We showed that, under healthy conditions, DRG SCs proliferate slowly in situ without elucidating the phenotype of their newly born cells. In vitro, adult DRG SCs formed bipotent spheres giving rise to neurons and glial cells. Because the “stemness potential” of the DRG SC could have been overestimated in vitro (Singec et al., 2006; Snippert and Clevers, 2011), we questioned whether these newly identified cells behaved as bona fide SCs in vivo and whether they participated in physiological and/or pathological tissue homeostasis. To fate map the progeny of the adult DRG SCs, we crossed the Nestin-CreER^T2 line with the Rosa26-Yellow Fluorescent Protein (YFP) reporter line (Imayoshi et al., 2006). Nestin-CreER^T2 activity was induced by daily tamoxifen gavage during 5 days in 3- to 4-month-old Nestin-CreER^T2:Rosa26-YFP mice (Figure 5A). To evaluate the percentage of recombined DRG SCs in Nestin-CreER^T2:Rosa26-YFP mice, we compared the density of DRG transgene-expressing cells (number of YFP⁺ cells per square millimeter) with that of CFPnuc mice. At 2 days post induction (dpi), their number was significantly lower in non-injured (control, 663 ± 60) Nestin-CreER^T2:Rosa26-YFP DRGs compared with CFPnuc DRGs (1,340 ± 180), suggesting a YFP recombination efficiency of the DRG SC population of around 44% (Figure 5D).

Figure 5.

Fate mapping of adult DRG SCs

(A) Schematic representation of tamoxifen induction and temporal analysis of Nestin-CreER^T2/Rosa26-YFP mice.
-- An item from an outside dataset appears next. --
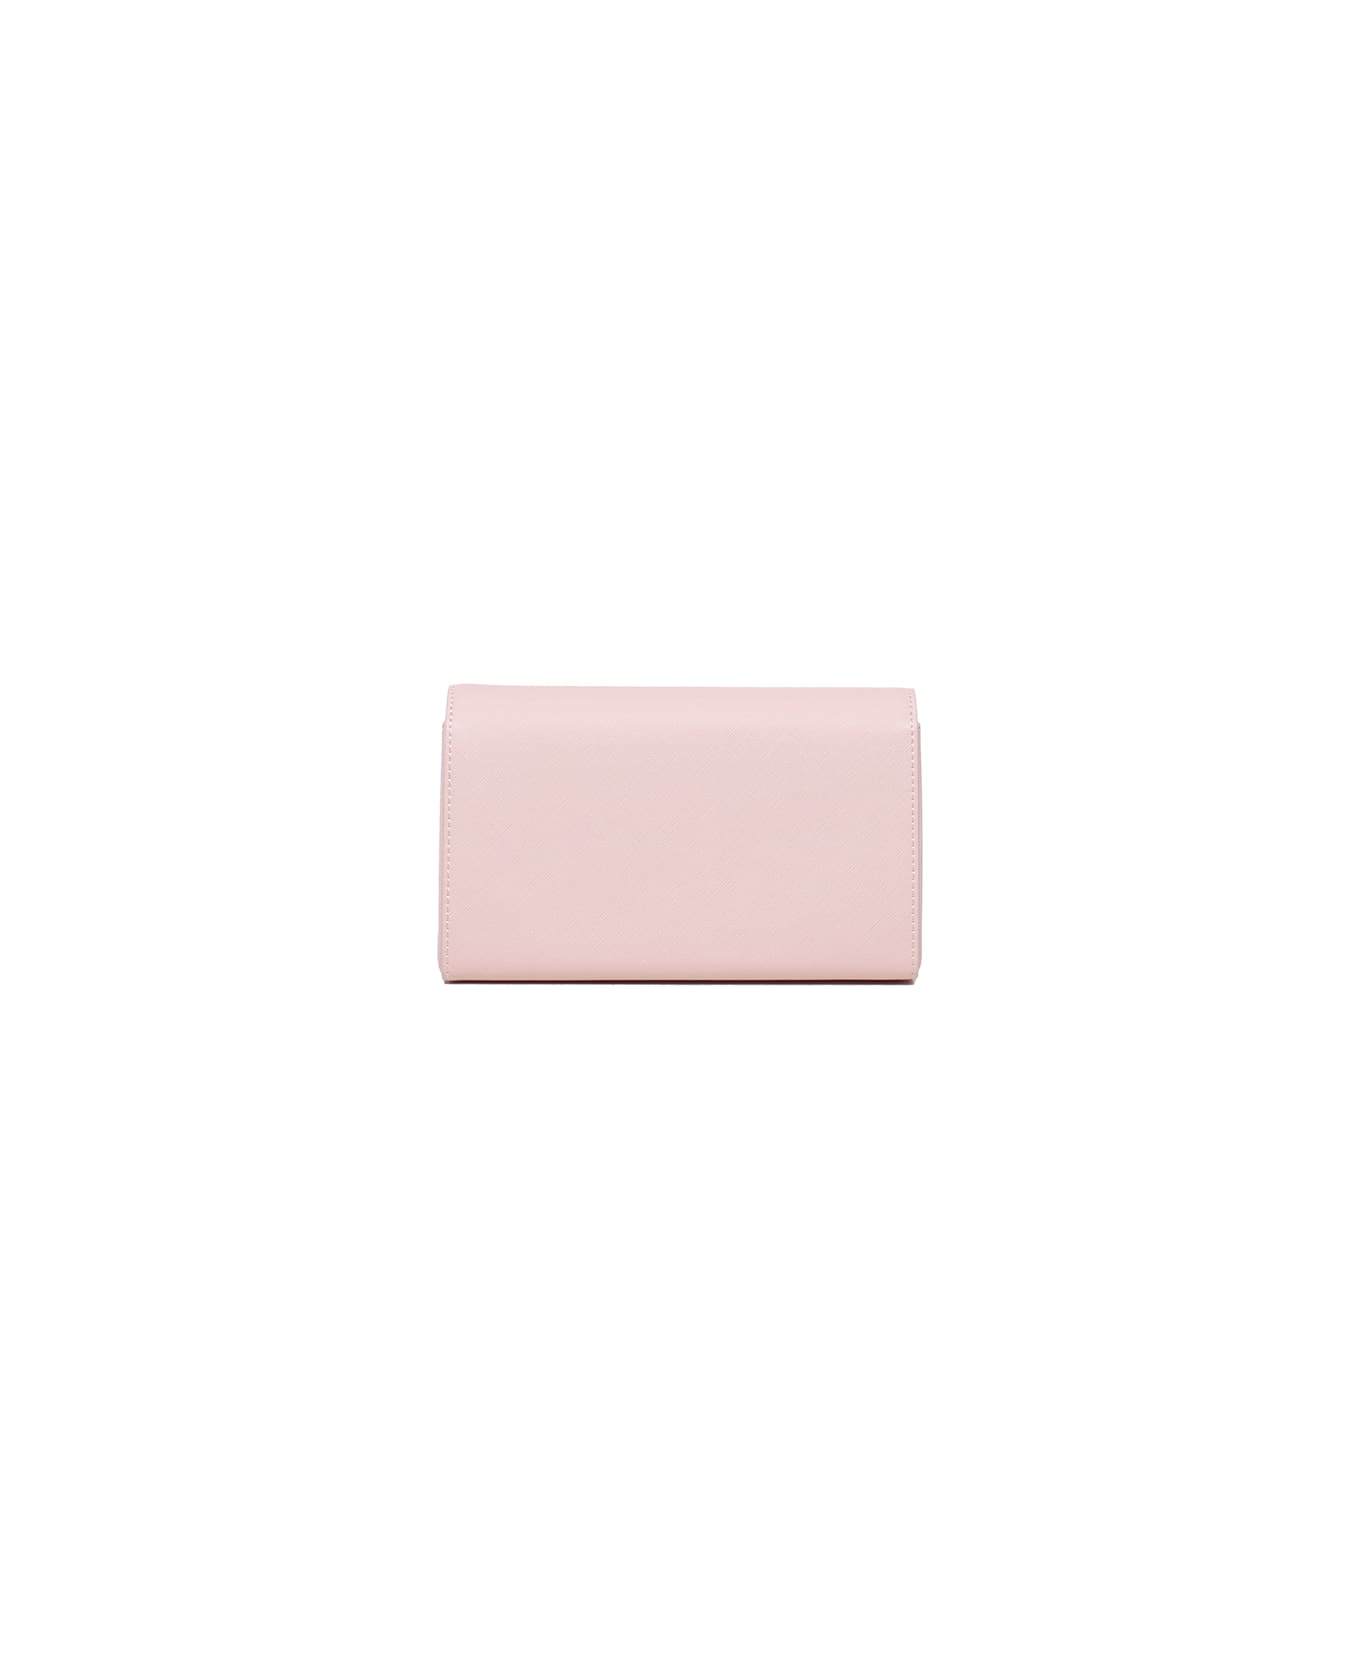 Love Moschino Smart Daily Shoulder Bag - Pink ショルダーバッグ

(B and C) Detection of adult DRG-YFP⁺ cells 2 and 90 days after tamoxifen induction (dpi).

(D) Number of DRG transgenic positive cells per square millimeter at 2 dpi in CFPnuc mice and ipsi/contra injured or non-injured mice.
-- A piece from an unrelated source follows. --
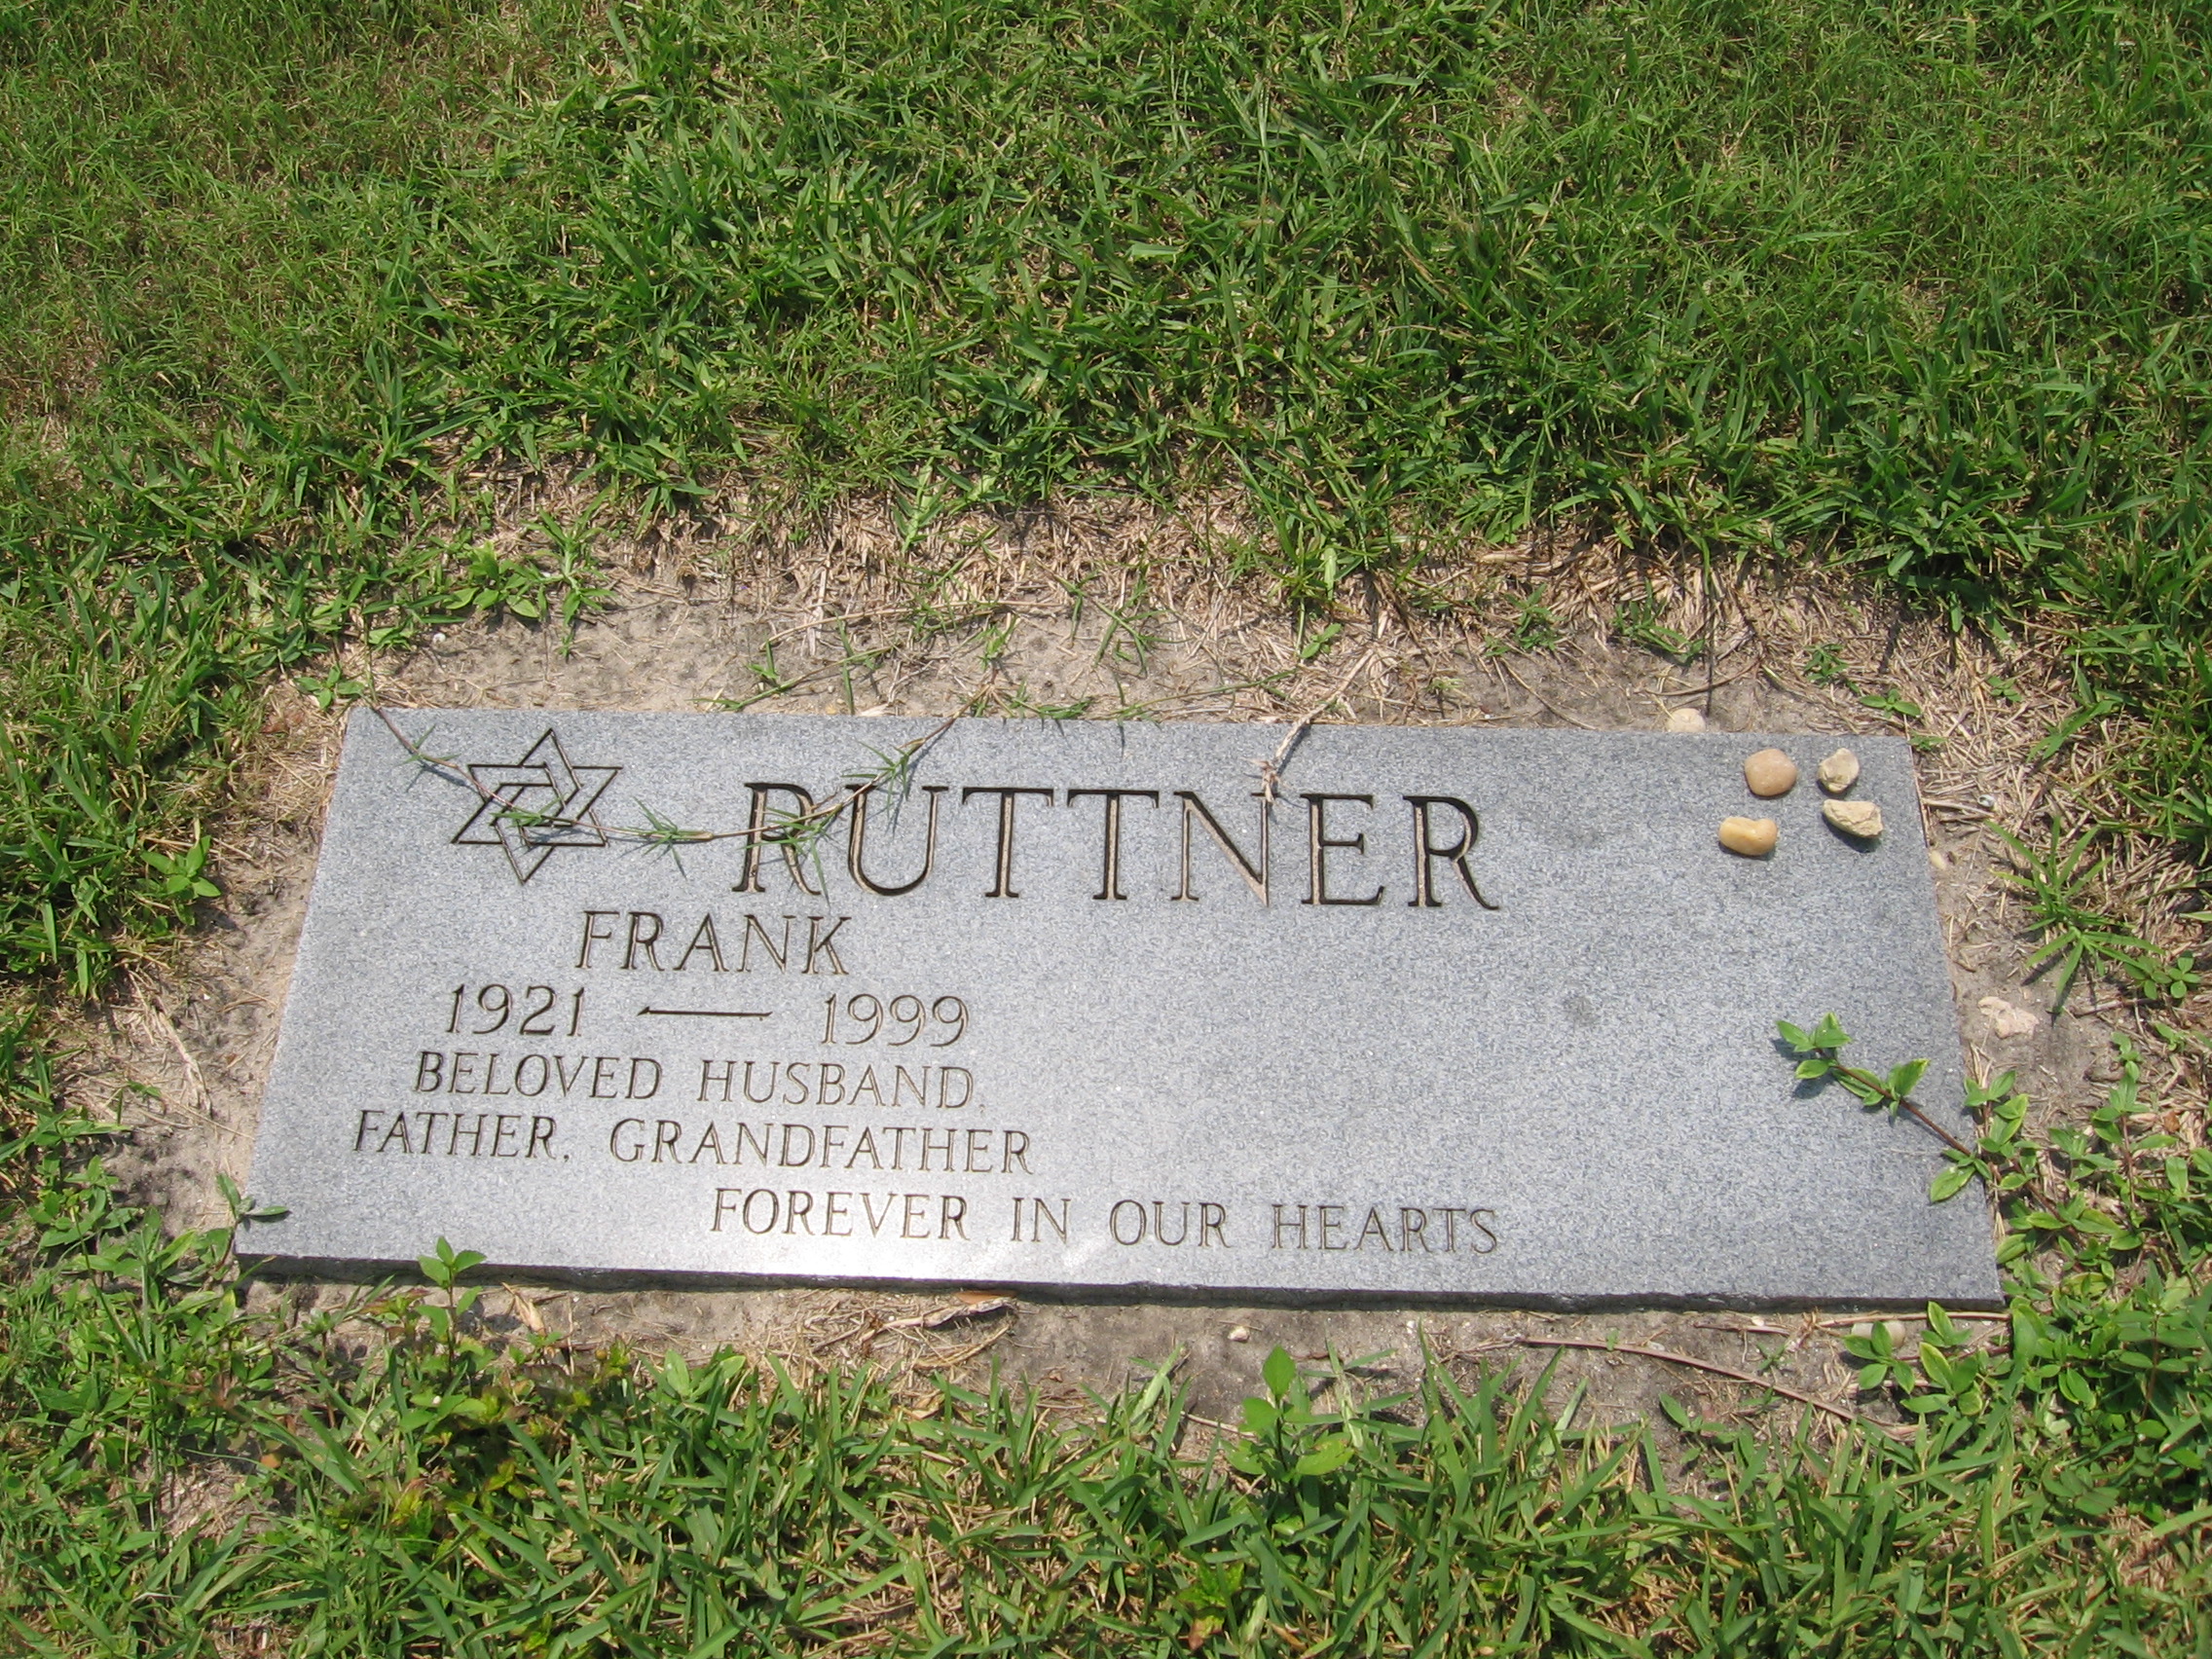 Frank Ruttner

(E) Temporal evolution of the number of DRG-YFP⁺ cells per square millimeter.

(F and G) Immunodetection of adult DRG-YFP⁺ cells with SOX10 (glial cells) and NEU-N (neurons) at 2 (F) and 90 dpi (G) in non-injured Nestin-CreER^T2/Rosa26-YFP mice. Boxed areas are enlarged in the right panels.

Data are shown as mean ± SEM (n = 3). One-way ANOVA and multiple comparisons: Dunnett’s test (D) and Tukey’s test (E); ^∗∗p < 0.01, ^∗p < 0.05. See also Figure S5.

After a resting period of 10 days to eliminate systemic tamoxifen, the permanently recombined YFP⁺ cells were analyzed in non-injured animals at different time points after induction under physiological conditions (Figures 5B and 5C). YFP⁺ cells were never detected in sham-induced animals (oil administration only; data not shown). We next examined the evolution of this YFP⁺ population by quantifying their number at 2, 15, 60, and 90 dpi (Figure 5E). The DRG-YFP⁺ cell density (total amount per square millimeter) remained stable over time, but a progressive but not significant increase occurred with time (664 ± 65, 749 ± 87, 755 ± 144, and 821 ± 195 YFP⁺ cells/mm² at 2, 15, 60, and 90 dpi, respectively), suggesting slow proliferation of DRG SCs or frequent turnover of their progeny under healthy endogenous conditions.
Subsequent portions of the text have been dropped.